The translational implications of our work extend beyond the confirmation of a single biomarker. First, the construction of a multi-gene diagnostic nomogram based on HLA-DPA1, PROK2, and LEP moves the field towards a more robust and clinically applicable tool for distinguishing EOPE from LOPE, which is crucial for risk stratification and management. Second, the strong association between low HLA-DPA1 expression and a specific immune contexture (e.g., negative correlation with Tregs) indicates that measuring placental HLA-DPA1 levels could serve as a stratification biomarker, identifying an EOPE subtype driven by this particular immune dysfunction. Consequently, this insight directs future therapeutic exploration towards immune-modulatory strategies tailored to correct this specific imbalance. In conclusion, by integrating bioinformatics, machine learning, and histological validation, we have not only identified the diagnostic immune biomarkers we set out to find but have also embedded them within a broader pathophysiological framework, providing a refined model for understanding and tackling the heterogeneity of EOPE.

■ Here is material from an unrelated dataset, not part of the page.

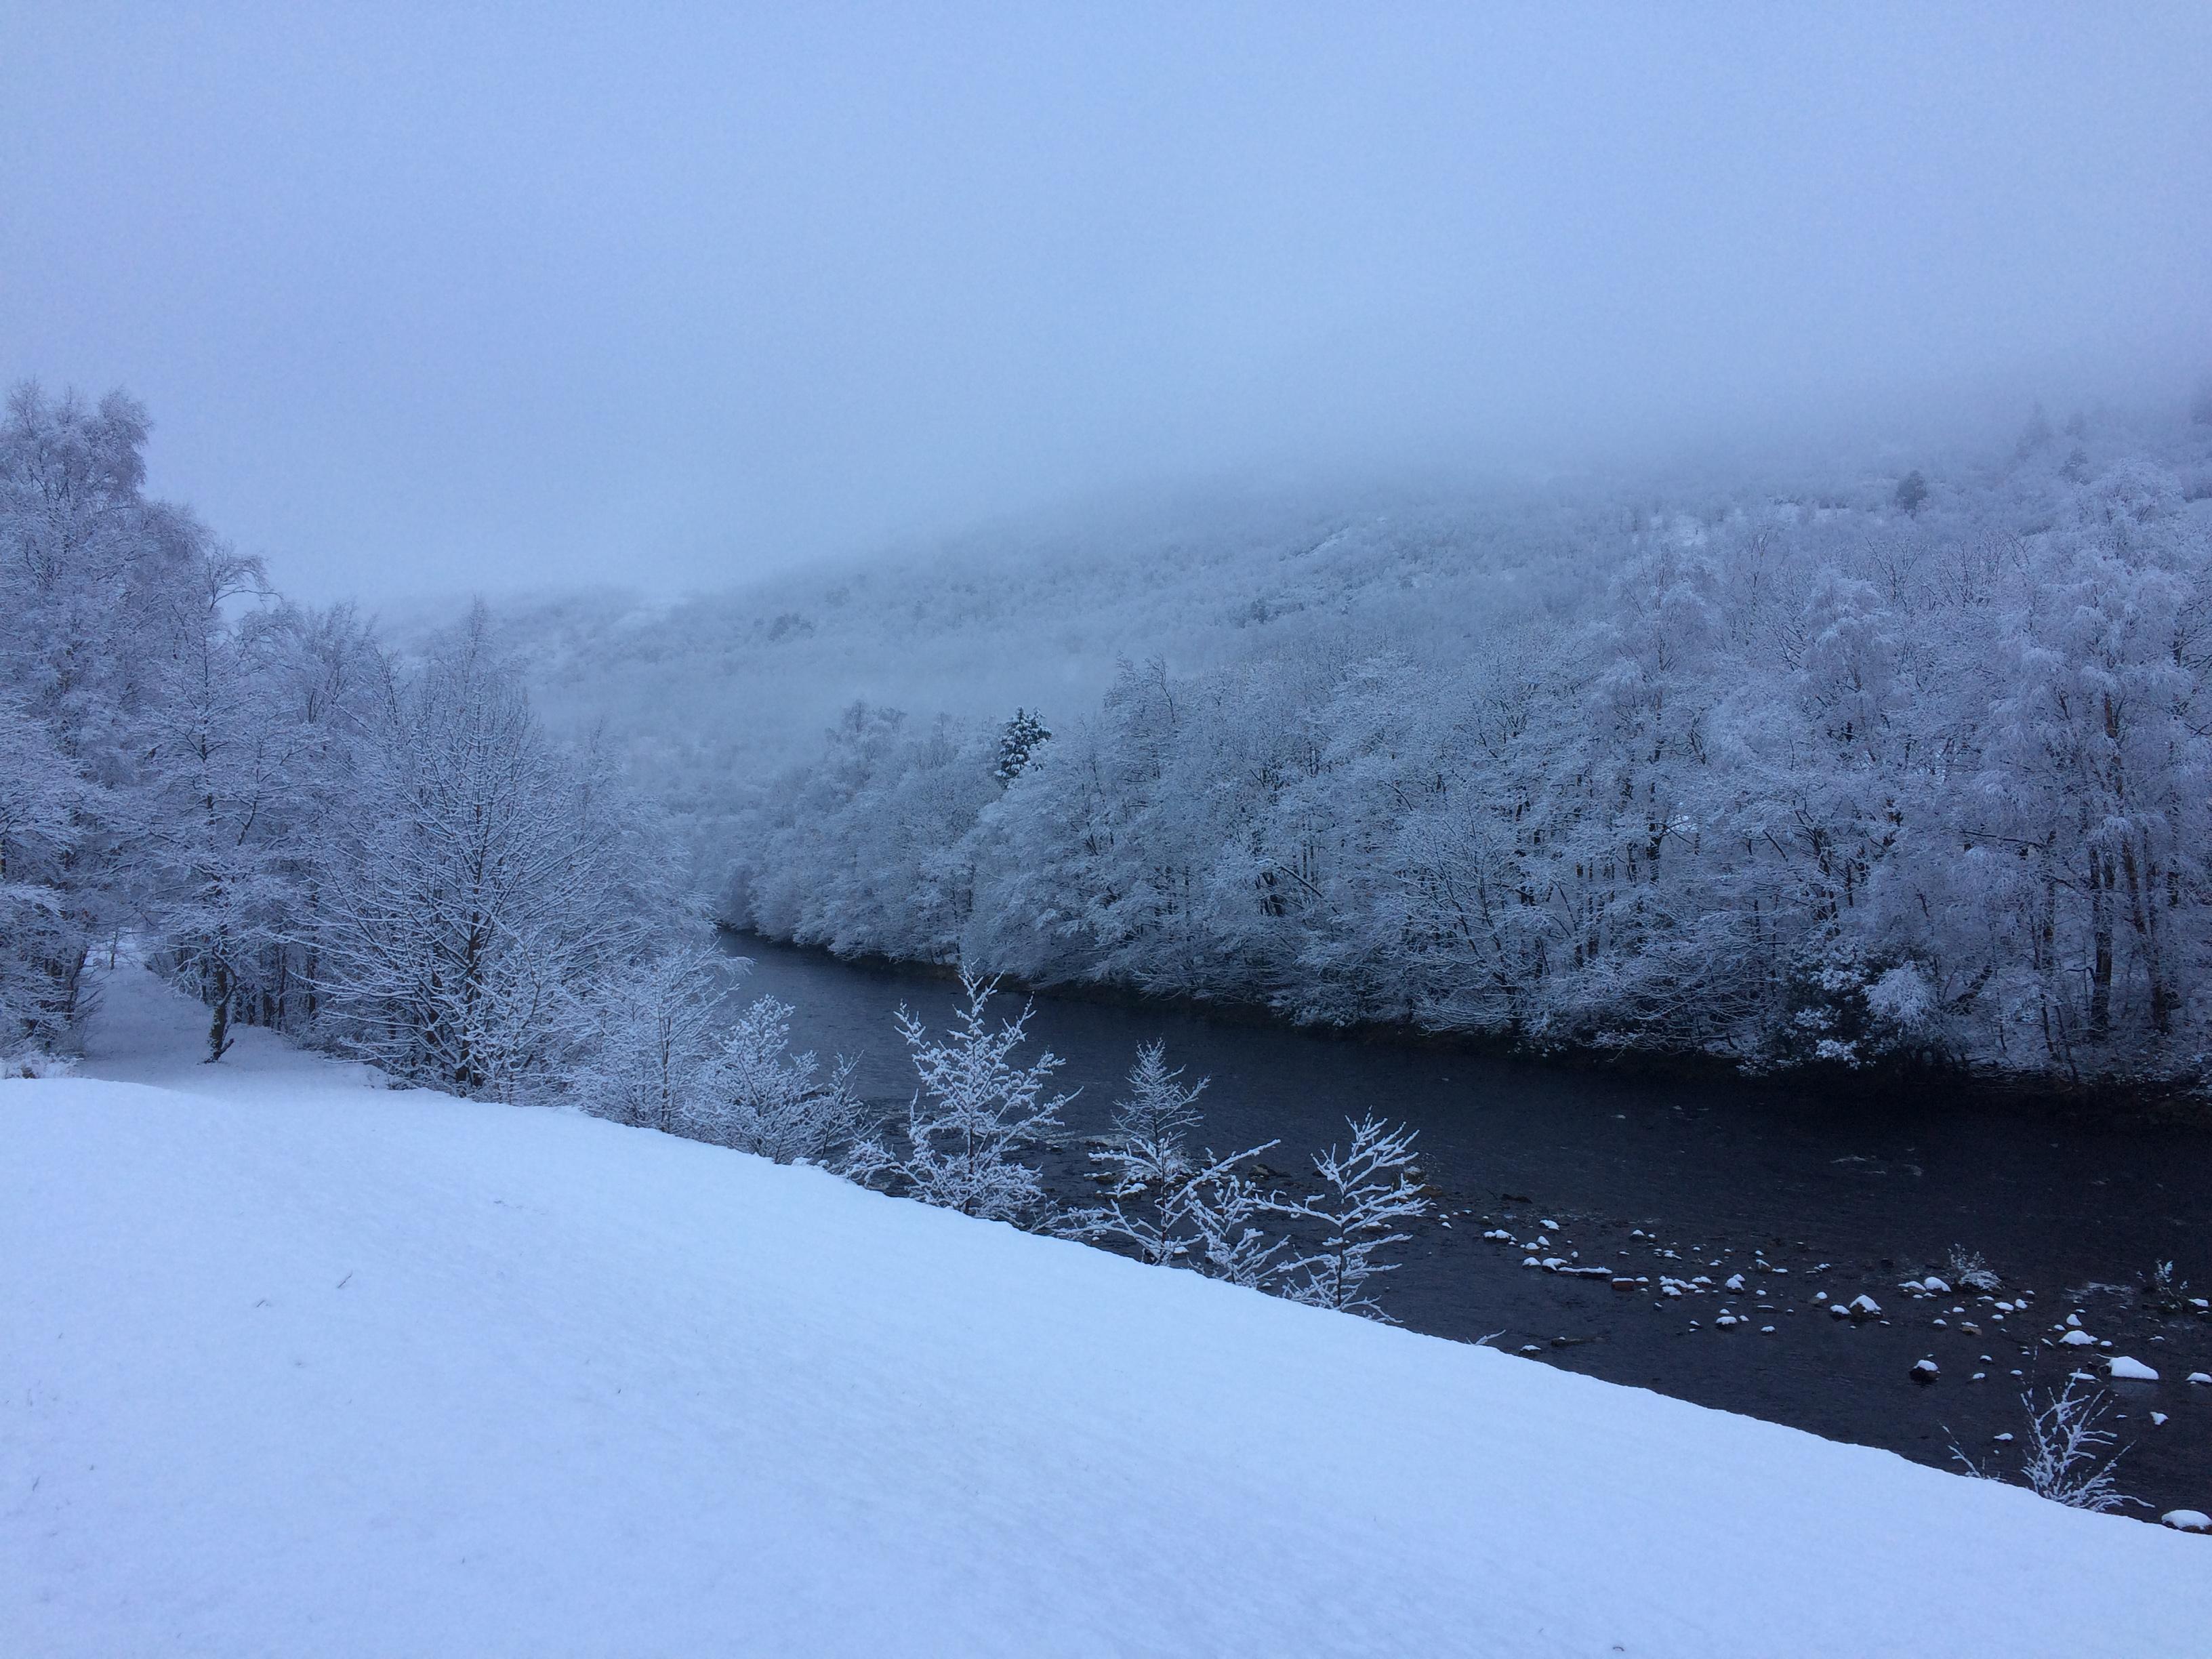 WHWH snowy river Jan 2019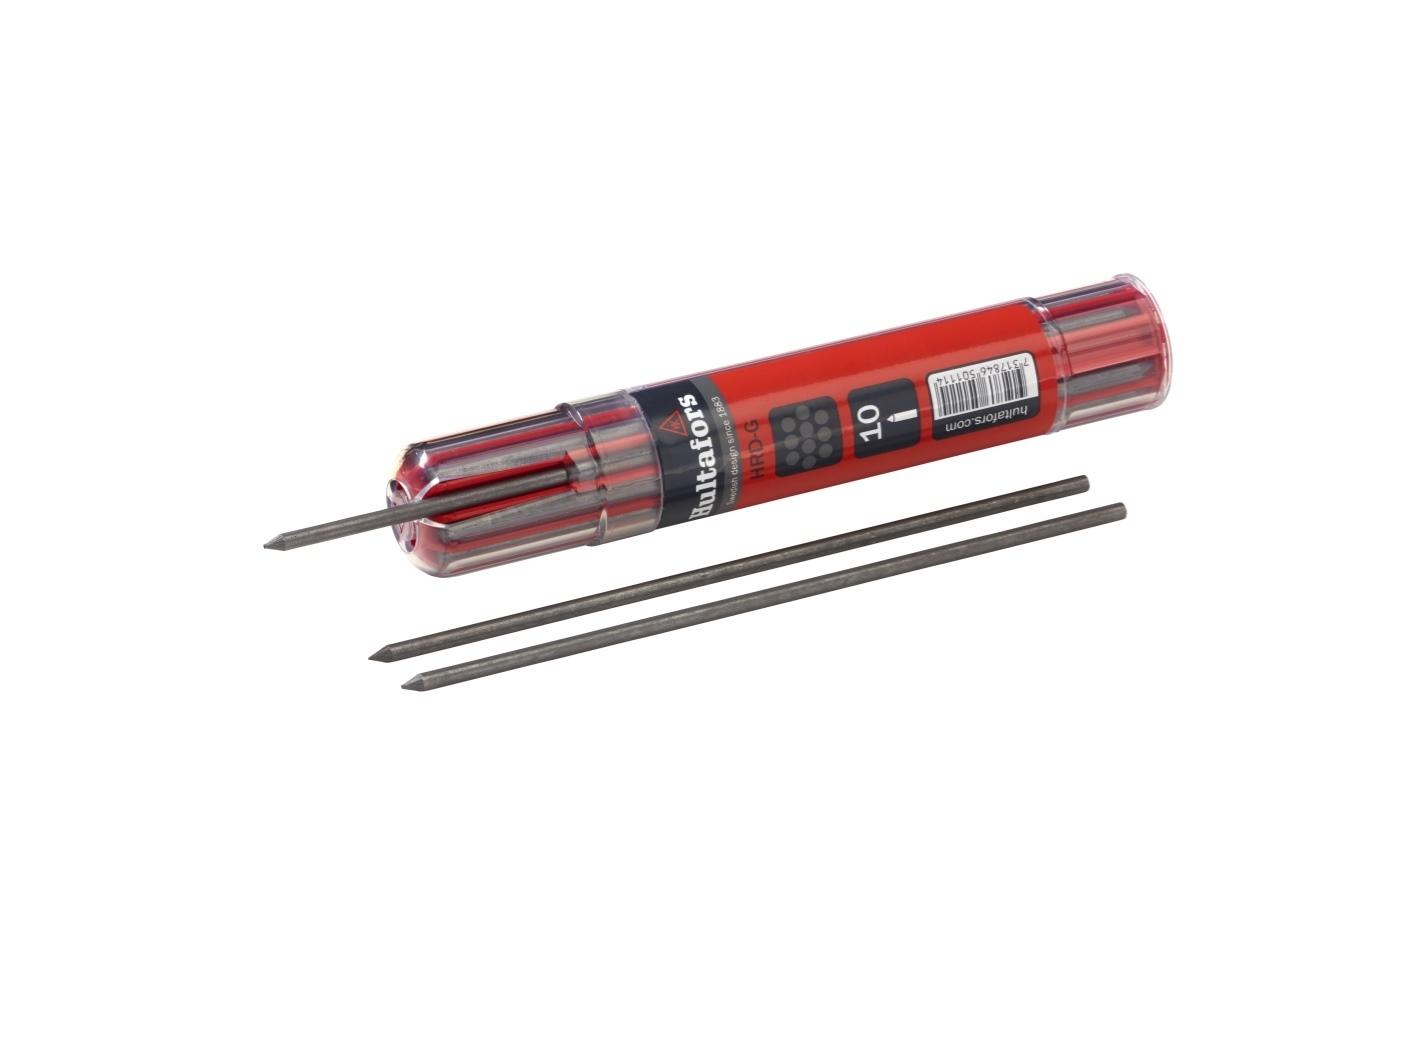 Hultafors Dry Marker Refills—Graphite HU-650110

Our study has several limitations. First, the clinical cohort size was limited and the nomogram model requires further validation in larger, multi-center populations. Second, while our IHC findings of HLA-DPA1 localization in syncytiotrophoblast are consistent with our transcriptomic data and are supported by reports of aberrant MHC class II (HLA-DR) association with syncytiotrophoblast in PE45, they rely on a single monoclonal antibody. Orthogonal validation using an independent antibody targeting a different epitope would be a valuable future step to conclusively confirm protein specificity and exclude cross-reactivity. Nevertheless, the convergence of evidence from bioinformatics screening, independent mRNA validation, and biologically plausible IHC staining—a methodology also successfully employed to study HLA-DPA1 in other immune-mediated diseases46—strengthens the overall association of reduced HLA-DPA1 with EOPE. Third, the use of bulk RNA-sequencing data obscures the cellular origin of the HLA-DPA1 signal, a question best addressed by future single-cell studies. Finally, and most importantly, our work identifies a strong association but lacks direct functional evidence for the role of HLA-DPA1 in EOPE pathogenesis.

Conclusion

In conclusion, by integrating bioinformatics analysis with clinical validation, we have delineated a distinct immune-related molecular signature for EOPE. Our findings underscore the pivotal role of HLA-DPA1 downregulation in shaping a pro-inflammatory placental microenvironment, characterized by an altered balance of immune cells such as decreased Tregs and increased Macrophages M1, which we propose contributes significantly to the severe pathogenesis of EOPE. The proposed model, summarized in Fig. 7, not only provides a visual synthesis of our findings but also offers a foundational framework for future research into the immune mechanisms of EOPE and the development of targeted diagnostic strategies.